Kratz-Aalem, a former social worker, first arrived in Lebanon on Dec. 29, 2005,
with plans to further her education.
"I explored changing fields because I was feeling a little burned out. The
University of Washington offers an online program -- it's a masters in strategic
planning for critical infrastructure, which is very prominent. That's why I wanted to
go to Lebanon. It's a culture that East meets West and has rebuilt itself many,
many, many times from the ground up," Kratz-Aalem said. "It will do so again."
She met Aalem while chatting on the Internet. The couple was married on June
10 in a Muslim ceremony and planned to have a Christian wedding on July 7,
2007.
But now Kratz-Aalem has her doubts that will happen. She was told it could take
a year to 18 months before her husband can get the proper visas for him to live
in the United States. They stay in touch over e-mail.
Before the bombings started, Aalem ran a successful Internet business in Saida,
Lebanon. He had $10,000 to $15,000 worth of computer equipment in his
business.
"His business is gone, and we lost everything," Kratz-Aalem said.

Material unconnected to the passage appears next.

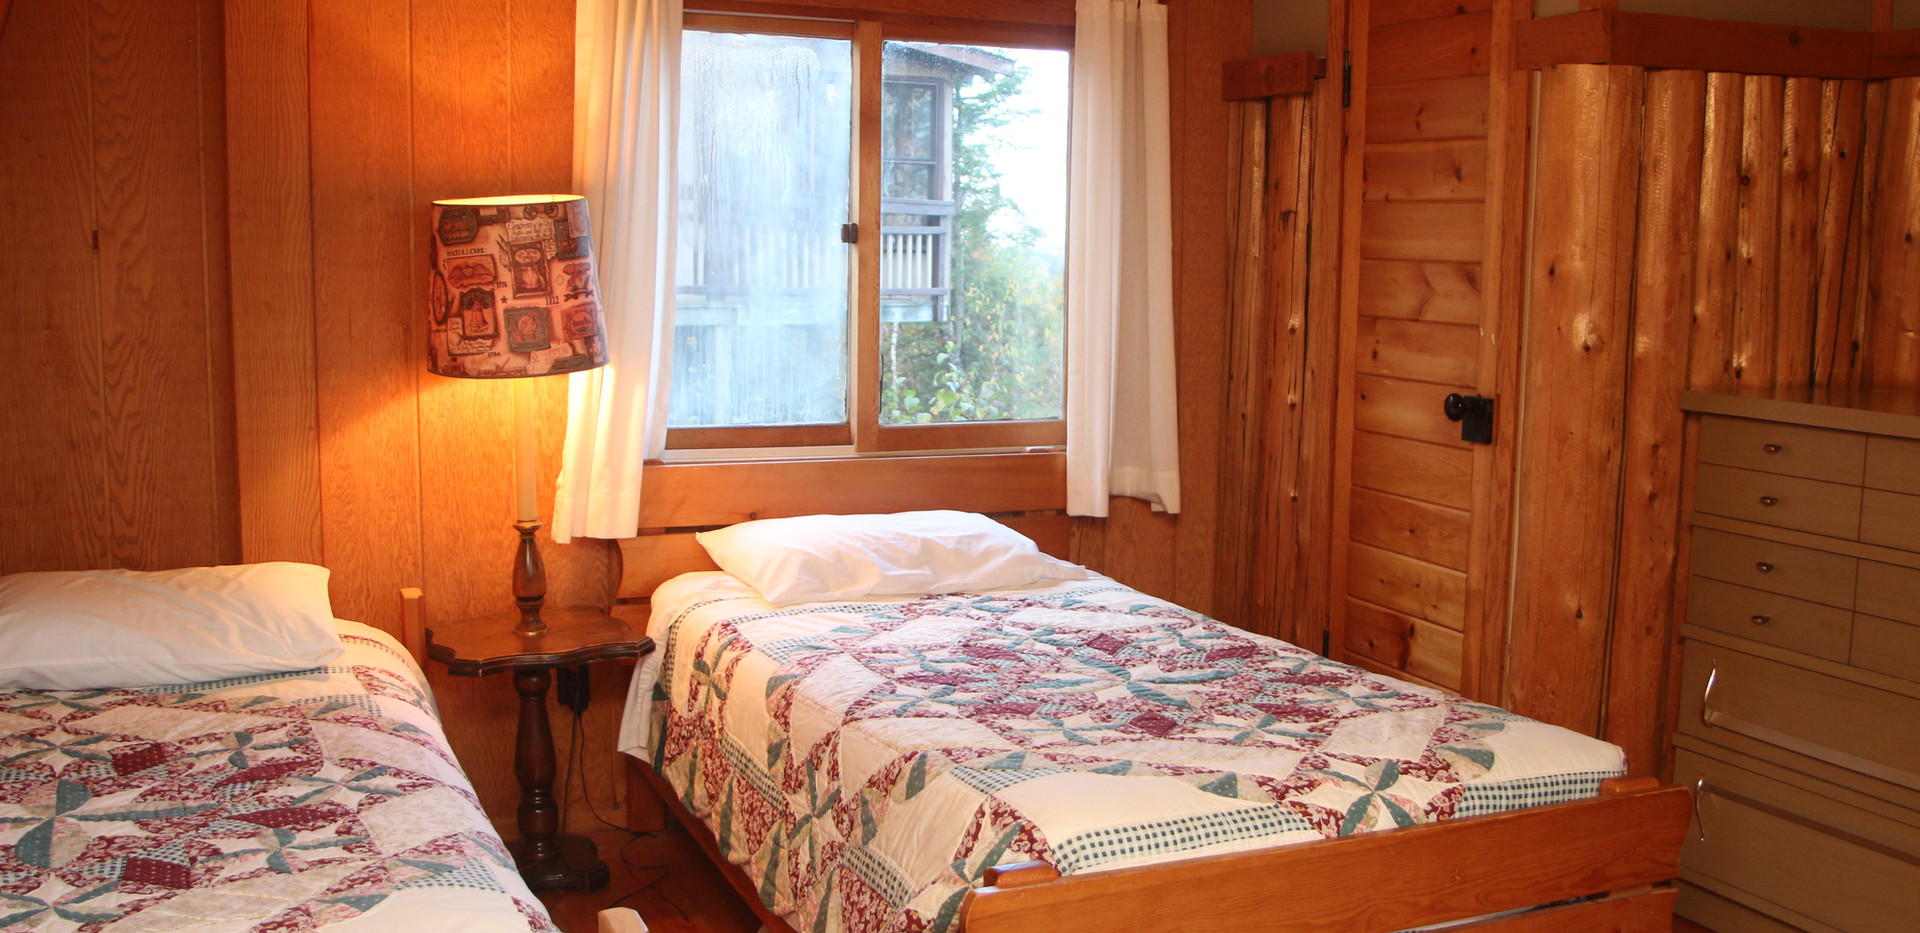 Split loft with single beds.

She hopes to find a lawyer who works pro bono who could speed up her
husband's immigration.
She now spends her time working on a new NGO that will help displaced people
in Lebanon. UNICEF statistics indicated about 700,000 Lebanese are now
refugees. Three hundred people have been killed, one-third of whom are
children.
Although Kratz-Aalem said she believes Israel's response was disproportionate
to the incident two weeks ago, she harbors no hate in her heart.
"My husband and I agree openly that Hezbollah needs to be disarmed because
they didn't act on the benefit of Lebanon. They acted on the benefit of their own."

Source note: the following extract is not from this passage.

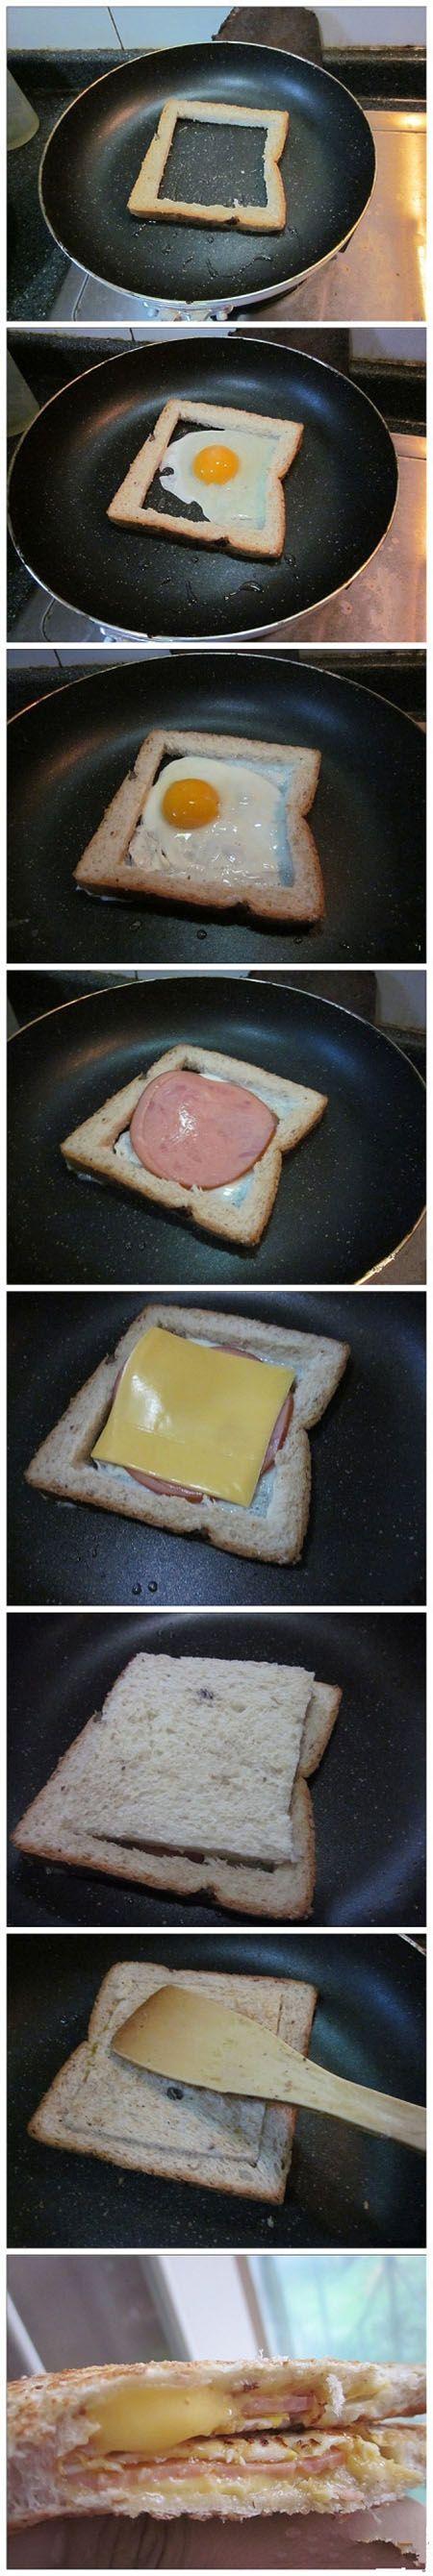 Oh boy! I'm making this for breakfast tomorrow! Great Bread Idea   DIY & Crafts

Acknowledging the 'Holy Land'
Hector Avalos, associate professor of religious studies at Iowa State
University, sees no short-term solution to the violence in the Middle East.
"My fear is we're really at the start of the first global religious war in history," said
Avalos, who in 2005 published a book called "Fighting Words: The Origins of
Religious Violence."
"If you look at where Al-Qaeda is attacking and where Muslim insurgents are
active, there has been trouble in the Philippines, Canada, Indonesia, London,
Spain, the whole Middle East. It spans the globe. It's not confined to the Middle
East," Avalos said.
Avalos said he believes the world's leaders need to acknowledge the concept of
"sacred space" before there will ever be peace in the region and world.

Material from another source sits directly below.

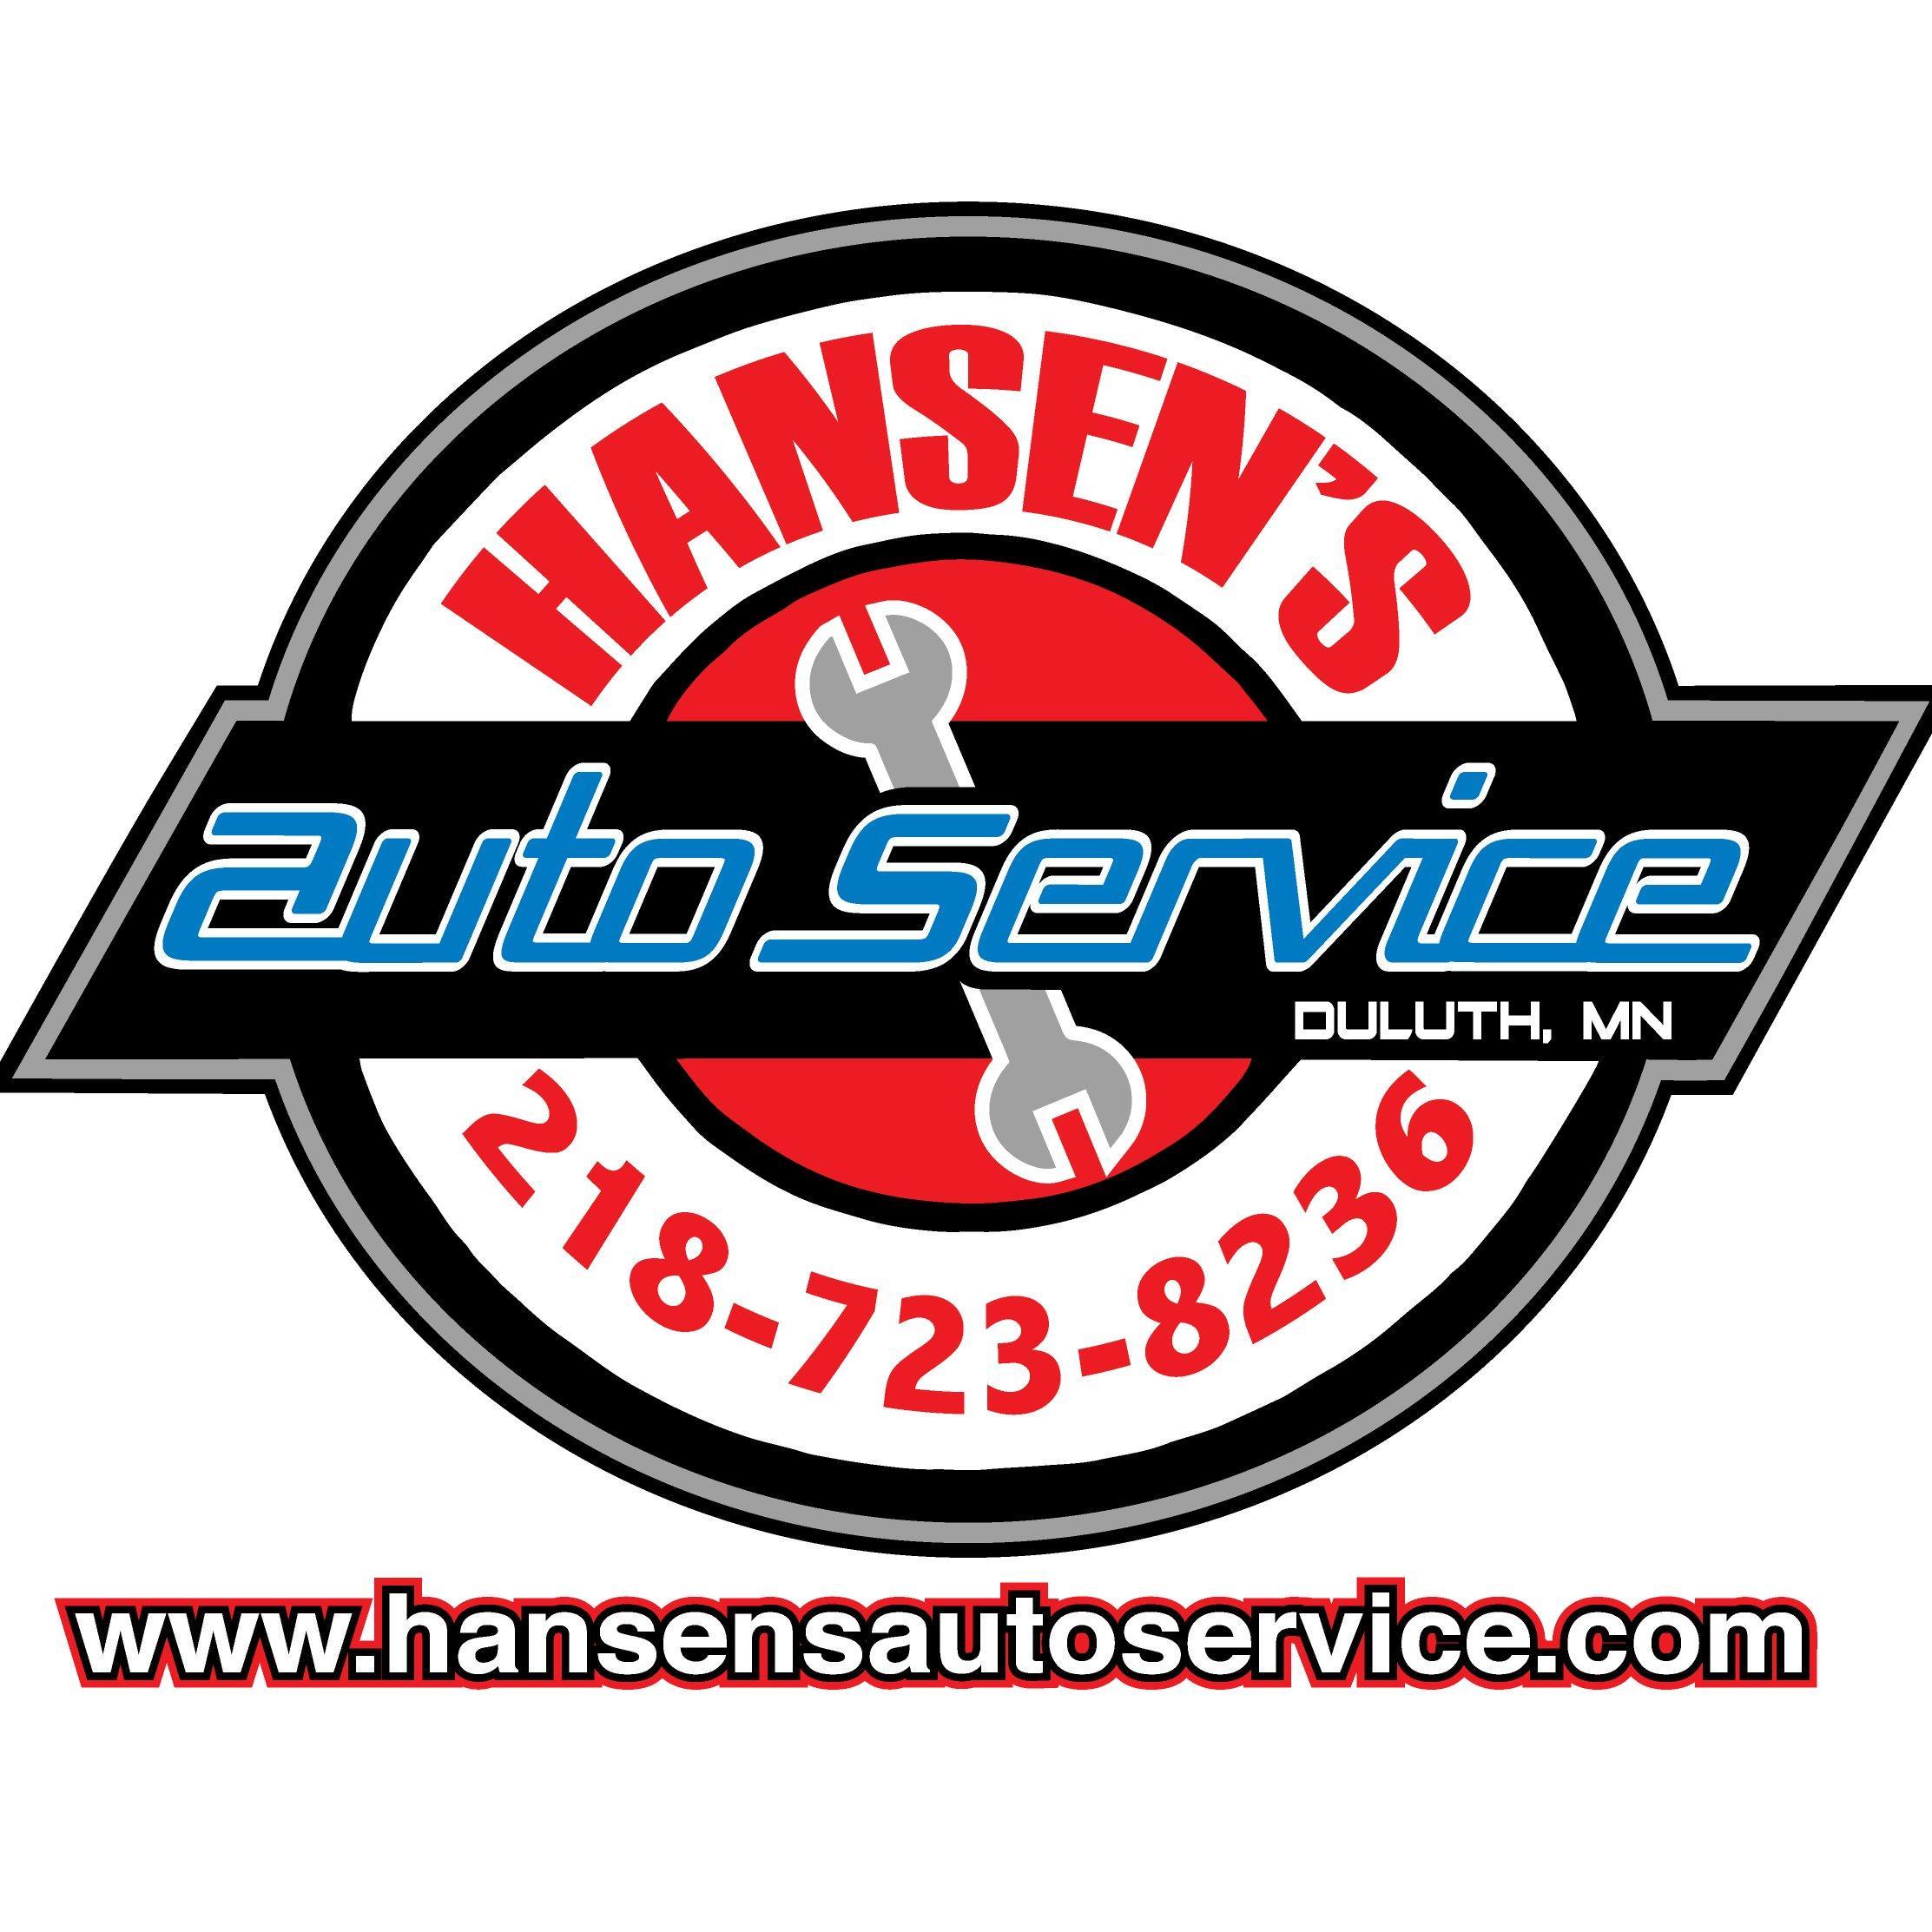 Hansen Auto Service Of Duluth Inc - Duluth, MN - General Auto Repair & Service

"I think that most violence is due to scare resources. Religion can create scarcity
itself. In the case of Palestine, it is holy space. The space is limited and cannot
be shared by everyone," Avalos said.
On Monday, a Hezbollah negotiator rejected a peace proposal trumpeted by U.S.
Secretary of State Condoleezza Rice.
Diplomacy in the region continues to fail because world leaders focus only on
political and religious issues, Avalos said.
So is there a solution in sight?
"It's primarily a religious issue, and they have to address the religious issue, or
it's not going to go away," he said.